Joker/Mask (2001)

“Wait! Where’s the SWAT team? I don’t see the SWAT team! I don’t even rate the SWAT team anymore.”

Joker/Mask is the collection of a four issue series from DC and Dark Horse. The story was written by Henry Gilroy with art from Ramon F. Bachs and Howard M. Shum. I have not seen the work of any of these creators before but Gilroy is a co-writer on the Star Wars: Clone Wars TV series among other animation series credits. Bachs is a Spanish artist who has worked on a number of Star Wars comics as well as some titles for Marvel and DC.  Shum is a writer on a number of titles as well as an artist.

The Joker decides to go to a museum and blow up an exhibition featuring frowning clown masks. However his day does not go well as the head henchman has sent the other henchmen to the wrong location and Harley Quinn has removed the detonators from all the explosives. But the henchman discovers a mask that gives the wearer a manic energy and superhuman powers. Wearing the mask, the Joker is able to beat Batman severely enough that he is out of action feared dead and the Joker is left free to pursue his insane agenda across Gotham while monopolising the television airwaves. Harley fears for the Joker and enlists Poison Ivy’s help to remove the mask from the Joker before he blows up Gotham for real.

This story features the Joker on maximum overdrive and overkill. Even Harley Quinn finds it hard to continue to love her Mister J and the Joker/Mask has to keep coming up with wilder and more extreme exploits to stop himself becoming bored with how easy committing crime is with super powers. While there is some really good comic moments in this book, the manic intensity of the Joker/Mask combination is sometimes too much for the reader as it is for the characters in the story. With the Joker/Mask as the main character throughout the book, the pressure to come up with gag after gag relentlessly is a perhaps a drag on the writing.

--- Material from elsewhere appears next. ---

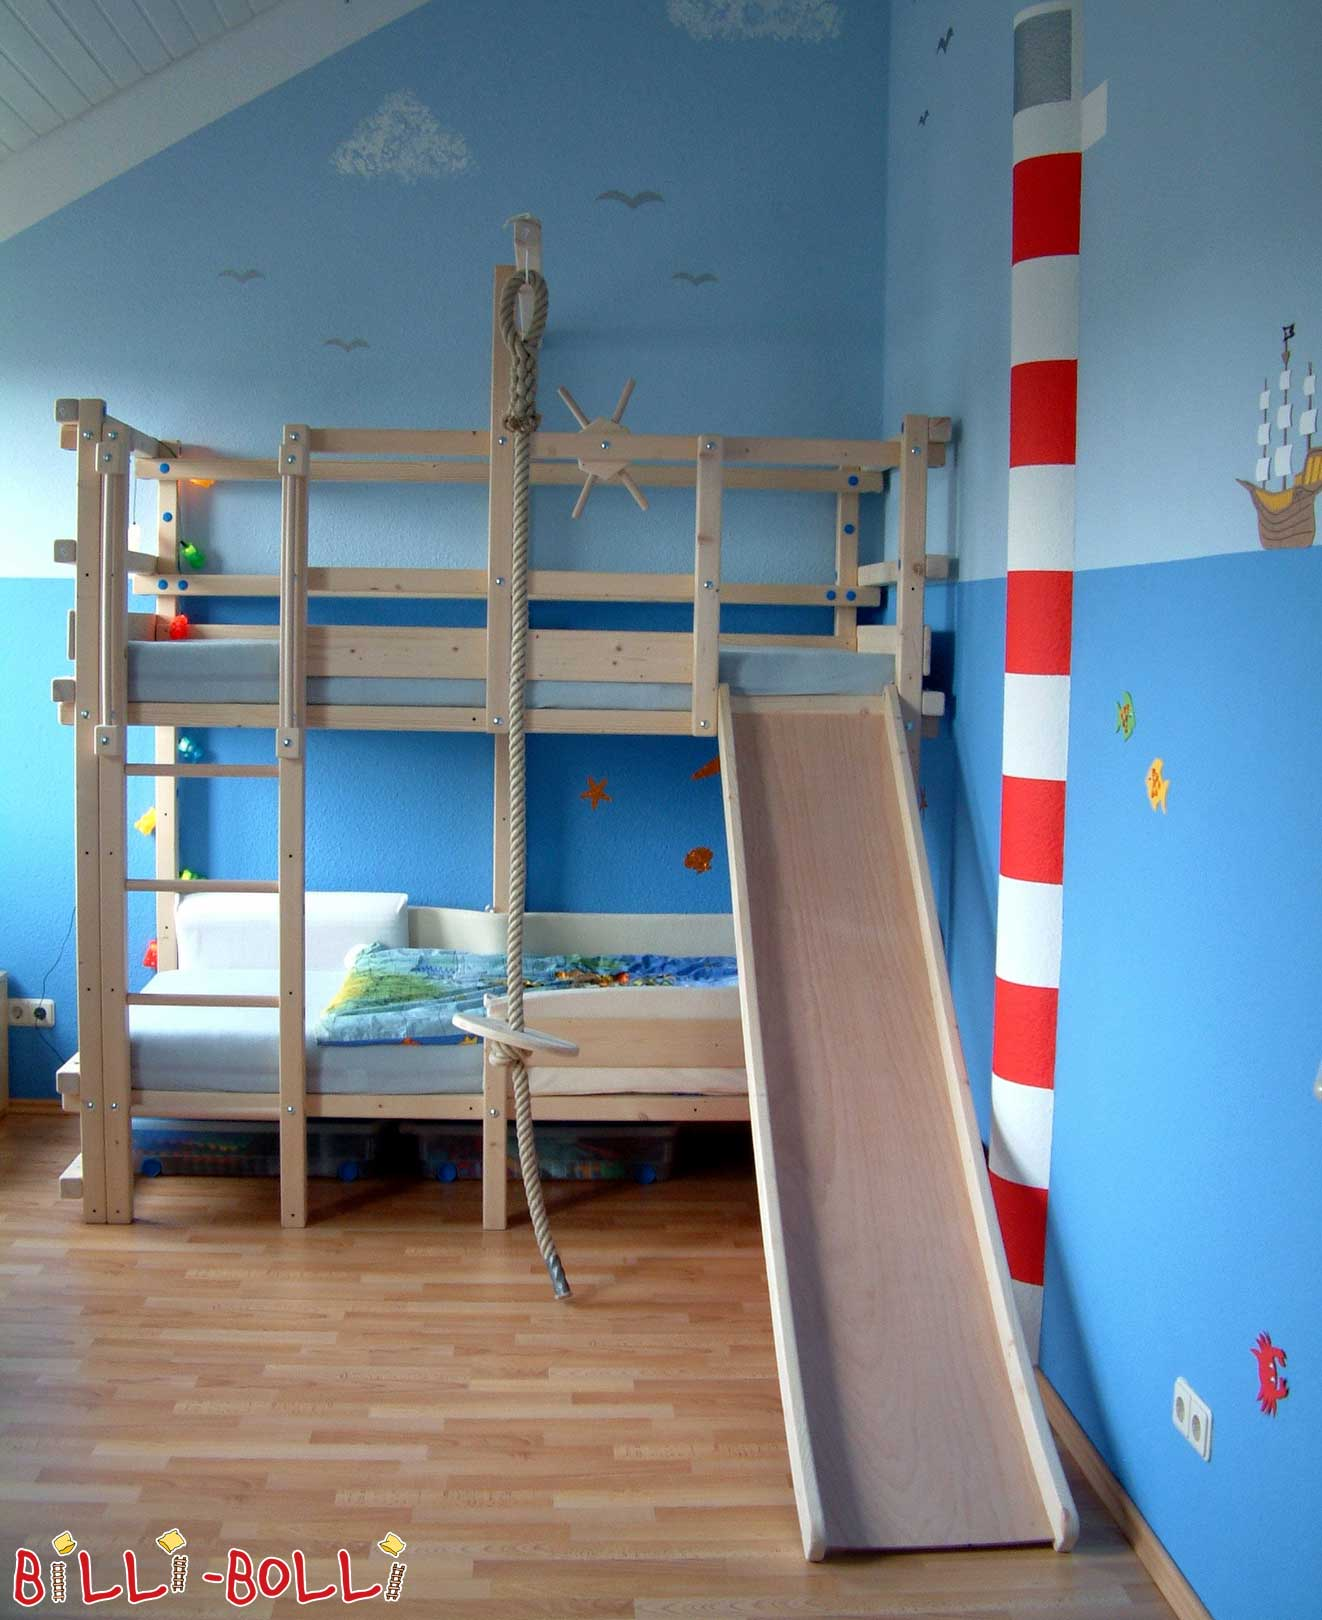 Slide Billi Bolli Kids Furniture

I liked the art from Bachs and Shum. It is very cartoony in style but fit in well with cartoon qualities of the Mask and the manifestation of his powers. There are even some lovely renderings of Poison Ivy as well.

A quick and cheerful read that won’t change your life but is worth a look if you can find it.

The Joker’s Last Laugh #1-6 (2001)

“Didn’t figure you for the prayin’ type, boss.”

“Why? Because I kill people and do really rotten things to puppies and kittens?”

My first digital comics read on my new tablet is this six part series from DC. The series writers were Chuck Dixon and Scott Beatty. There were numerous artists on the series: Pete Woods; Andrew Pepoy; Marcos Martin; Mark Farmer; Alvaro Lopez; Walter McDaniel; Andy Kuhn; Ron Randall; Rick Burchett; Mark Lipka; Dan Davis.

While incarcerated at the Slabside Penitentiary, the Joker is diagnosed with a terminal brain tumour. He reacts by inciting a riot and using the prison’s own defences to “jokerize” the other inmates – may of whom are super-villains. Having created his own super-army, the Joker escapes and lets them loose upon the world hoping that he will be killed by an old friend before he dies.

The annoying thing about this series is that it is not self contained. And for a series featuring the Joker there is not nearly enough scenes in which he appears. The chaos caused by the Joker ripples throughout the DC Universe and some of the action takes place in other comics. This would be fine if the main series told its own story consistently but instead there are scene and plot changes between issues that are just not explained and so the story has unsatisfying holes in it. This is the reason I tend to avoid crossover events, and don’t read too many modern Marvel books where there constantly seems to a crossover happening. I hate the presumption of publishers that either readers are reading all their books or that they will stump up the extra to follow the story beyond a central series.

As I have already stated, the story is less a story about the Joker than it is about the victims of his cruelty. Oracle and Nightwing are the ones to suffer most throughout the story. Their moral stance on the Joker and his continued existence testing them and their relationship to the limit. This could have been a great story in the vein of The Killing Joke or A Death in the Family if it had been allowed to develop within its own pages with a consistent art team but the disjointed nature of the series ruins its emotional impact for me.

As I said at the start, this is my experience of digital comics and using a tablet to read them. In general my experience has been positive. I bought a 10″ Samsung tablet and the size of the visible screen is only slightly smaller than a standard comic page – which is important as I don’t like the directed zoom way of reading comics that can divorce the words from the images. A big plus is the regular sales on Comixology and Dark Horse Digital and, as there is a lot of old stuff I have still to pick up, I can wait for issues to be bundled or sold for 99 cents an issue. For example, the collection for this series is out of print and  I picked it up for $5.94 rather than the $30 which is the cheapest second hand copy on Amazon UK or Abe Books (once shipping is included). The only downside is the price of new comics that tend to be same price as the print version which has never seemed right to me for any digital media.